Meloni applaudit la proposition de la Commission sur l'origine de l'assurance

« L'Italie a joué et joue un rôle décisif dans le changement de l'approche européenne de la gestion des flux migratoires », dit-il

Madrid, avril. (Appuyez sur Europa) –

Le Premier ministre d'Italie, Giorgia Meloni, a déclaré mercredi « une grande satisfaction » pour la proposition de la Commission européenne d'établir une première liste européenne de « pays sûrs » qui comprend le Bangladesh, l'Égypte et la Tunisie.

« Il s'agit d'une autre confirmation du succès de la direction adoptée par le gouvernement italien au cours de ces années et du soutien d'un nombre croissant de pays européens. L'Italie a joué et joue un rôle décisif dans le changement de l'approche européenne de la gestion des flux migratoires », a-t-il déclaré sur les réseaux sociaux.

Meloni s'est inscrit à la proposition, faisant référence au fait que si l'Europe a commencé à hiérarchiser des questions telles que « la défense des frontières extérieures, la lutte contre l'immigration irrégulière massive » ou « le renforcement des politiques de rapatriement », est « dans une large mesure par la détermination et la ténacité de l'Italie ».

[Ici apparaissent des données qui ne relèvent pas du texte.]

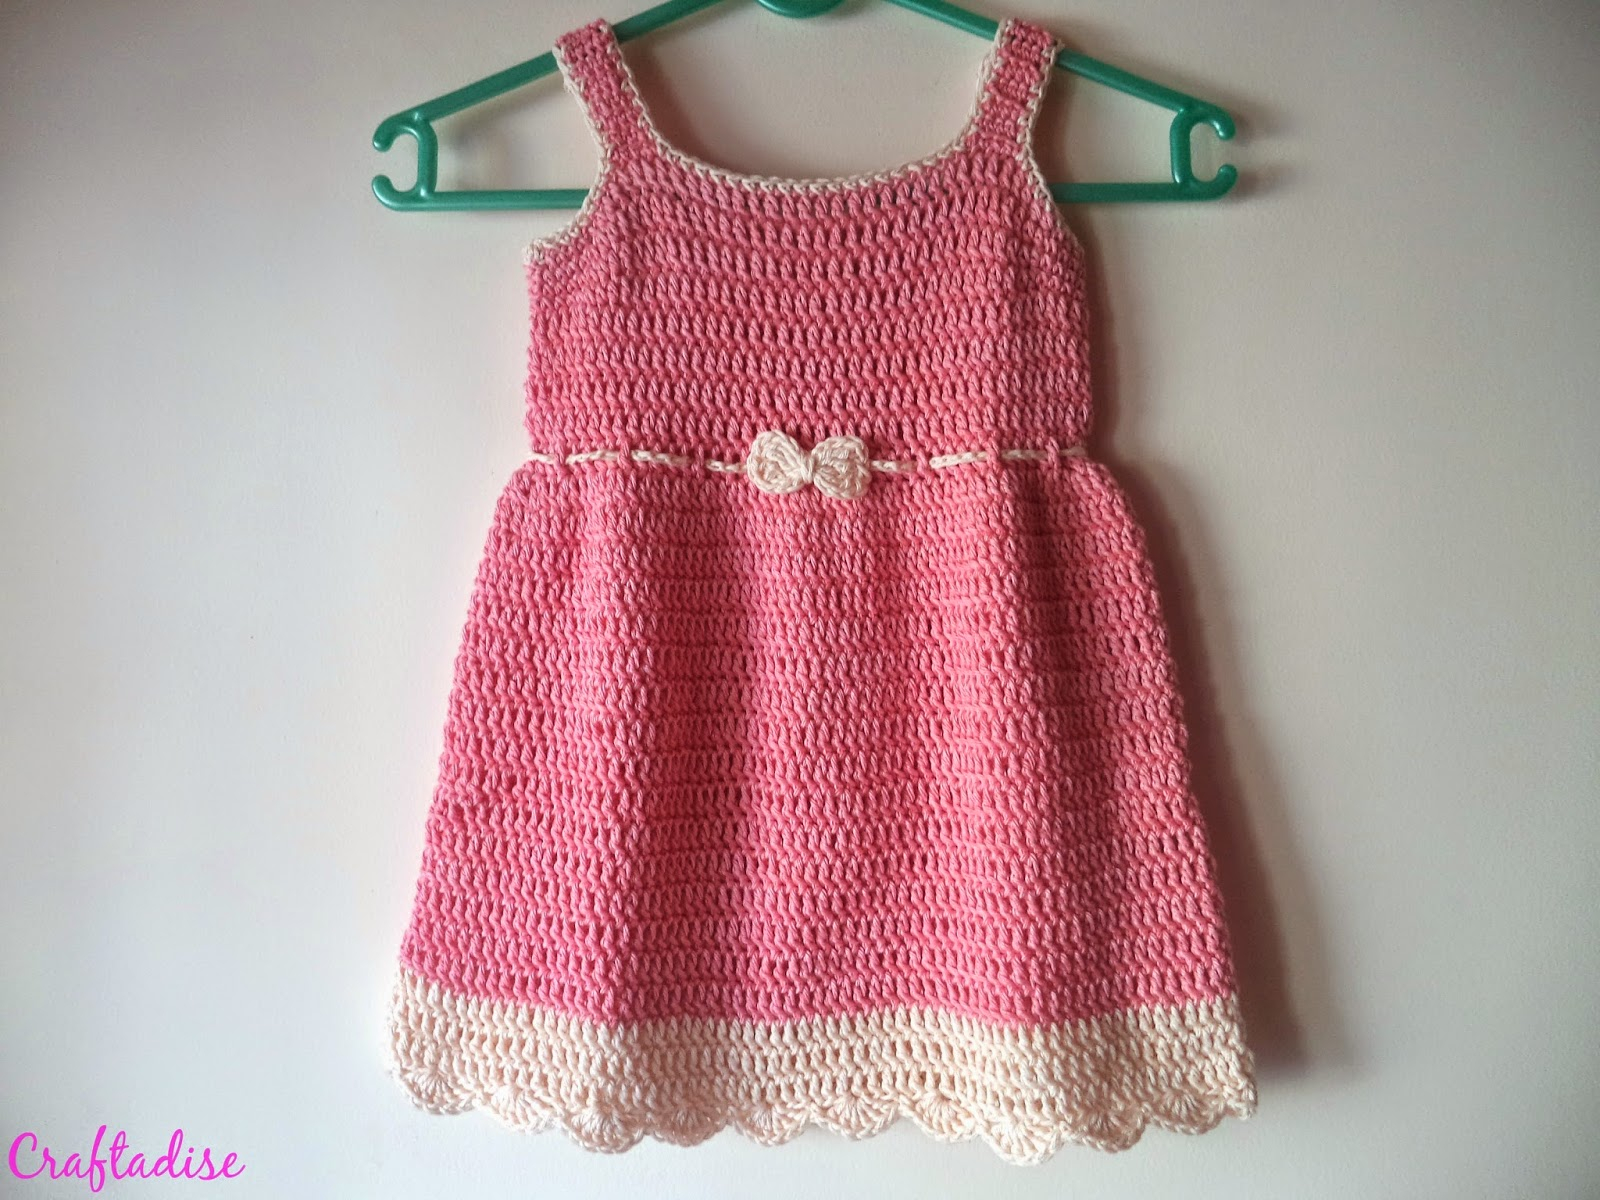 Crochet Toddler Dress Pattern Made In Craftadise Top Art Crafts Home Decor Blog In India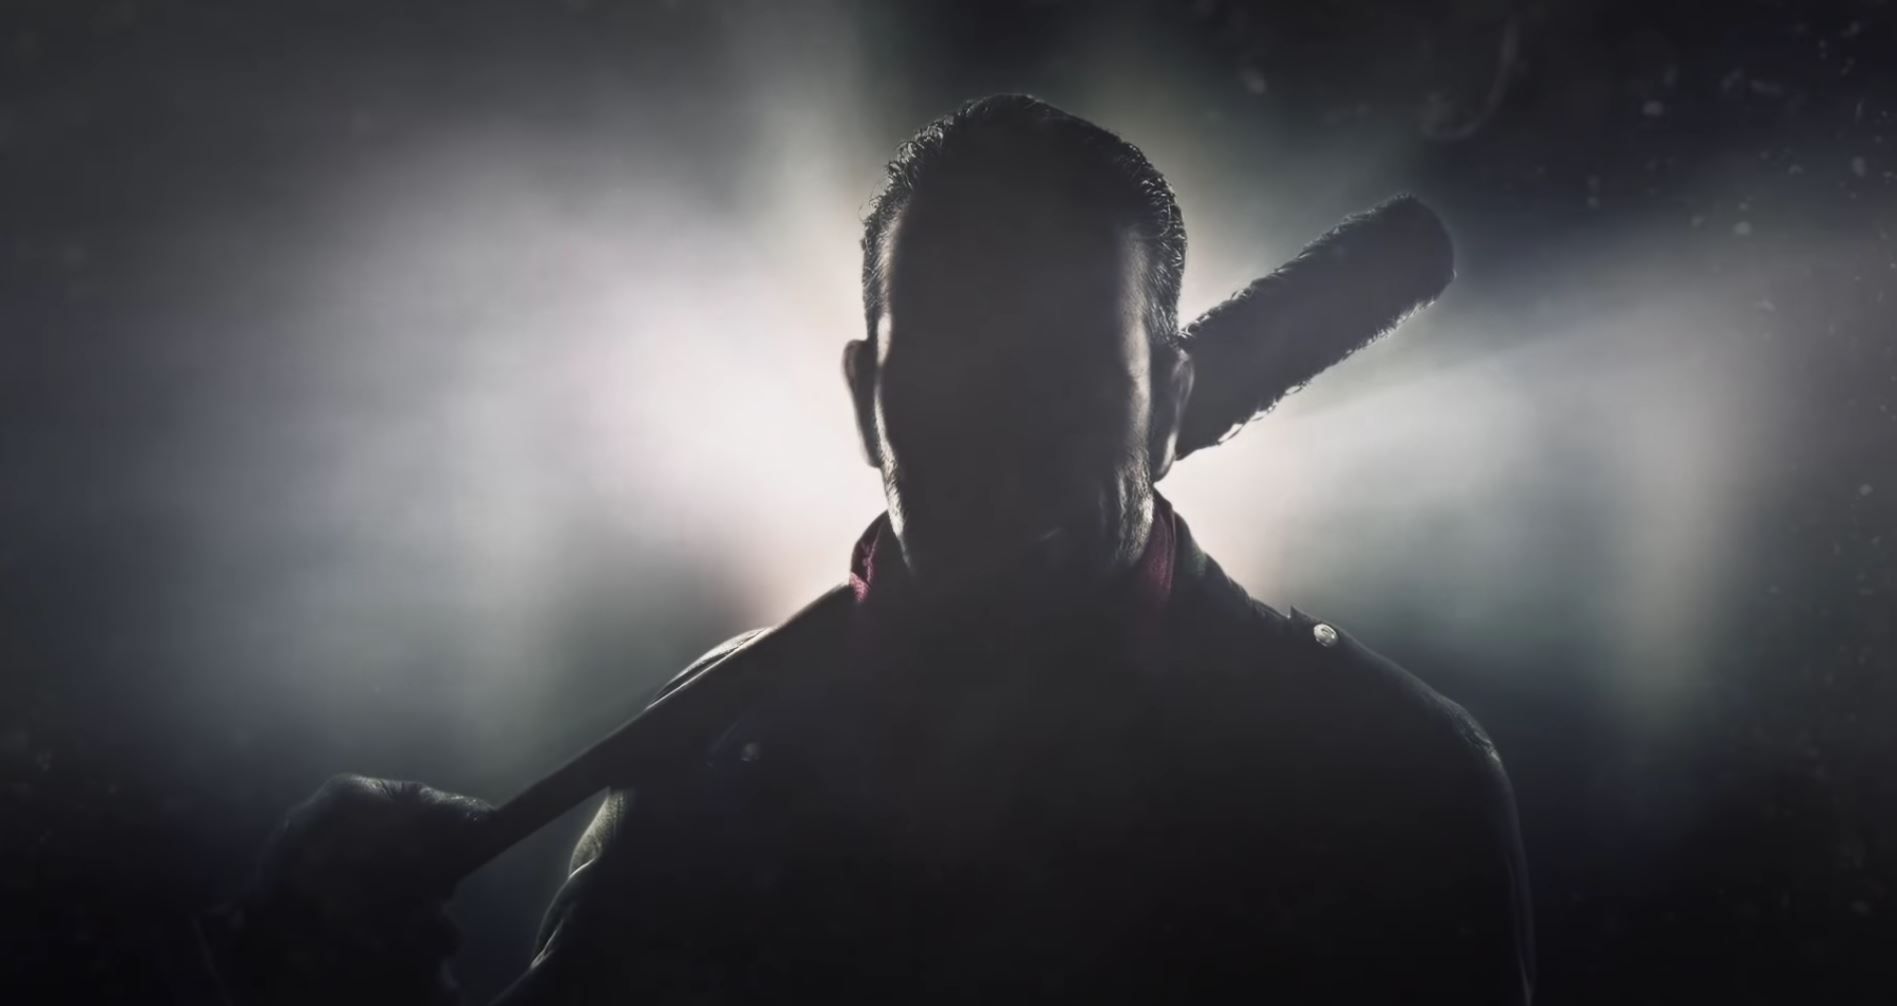 Tekken 7 Introduces New Returning Characters & Negan From The Walking Dead

« Les faits montrent que nous avons raison et que nous sommes sur la bonne voie », a déclaré le Premier ministre, en plus de « positif » la proposition de la Commission de faire avancer l'entrée en vigueur de certaines composantes du pacte sur la migration et l'asile. « 

En ce sens, il a mis l'accent sur « la possibilité de désigner des pays sûrs avec des exceptions territoriales et pour certaines catégories ». « Ce sont des éléments qui permettent d'activer les procédures frontalières accélérées pour les migrants qui arrivent de certains pays, comme le prévoient le protocole italien-albanais », s'est-il installé.

Proposition de Bruxelles

Bruxelles affirme que l'idée de désigner les pays d'origine « sûrs » n'a rien à faire « avec la proposition des pays tiers » et n'aura aucun impact « sur l'autre projet qui occupe l'Union européenne pour accélérer les déportations, qui comprend la proposition de créer des centres d'expulsion dans des pays tiers tels que essayer de faire l'Italie en Albanie.

Un porte-parole de la communauté a précisé lors d'une conférence de presse à Bruxelles que qu'un pays est considéré comme « sûr » dans le cadre de la nouvelle liste « n'établit pas automatiquement une garantie de sécurité pour tous ses ressortissants », afin que chaque cas de pétition d'asile doit continuer à être examiné individuellement.

La Commission a également demandé d'avancer dans la mesure du possible l'application du pacte de migration et d'asile, qui doit entrer en vigueur tout au long de l'UE au plus tard en juin 2026, de sorte que la disposition par laquelle elle sera traitée de toute urgence ou dans les processus frontaliers directement les demandes d'asile des pays nationaux inférieurs à 20% sont appliqués dès que possible.

Centres en Albanie

Au début, les deux centres promus par l'Italie sur le territoire albanais étaient destinés aux personnes secourues en Méditerranée et qui n'avaient pas le droit d'asile «a priori», par exemple parce qu'elle provient d'un pays sûr. Cependant, le juge Misgivings a conduit l'exécutif à les transformer en centres permanents pour le rapatriement (RCR).

Le ministre de l'Intérieur Matteo Piancetedosi a revendiqué la nécessité de « explorer de nouvelles façons de gérer le phénomène migratoire » tandis que le gouvernement attend toujours la future déclaration de la cour de justice de l'Union européenne (TJue) sur la légalité des centres de l'Albanie.

Le début de ce programme de transferts signifiait le début de l'un des plans star de Meloni pour lutter contre l'immigration irrégulière et dissuader les futurs arrivées de migrants. Cela découle d'un accord bilatéral signé en novembre 2023 par l'Italie et l'Albanie, un pays qui a accepté d'accueillir des migrants secourus dans les eaux internationales.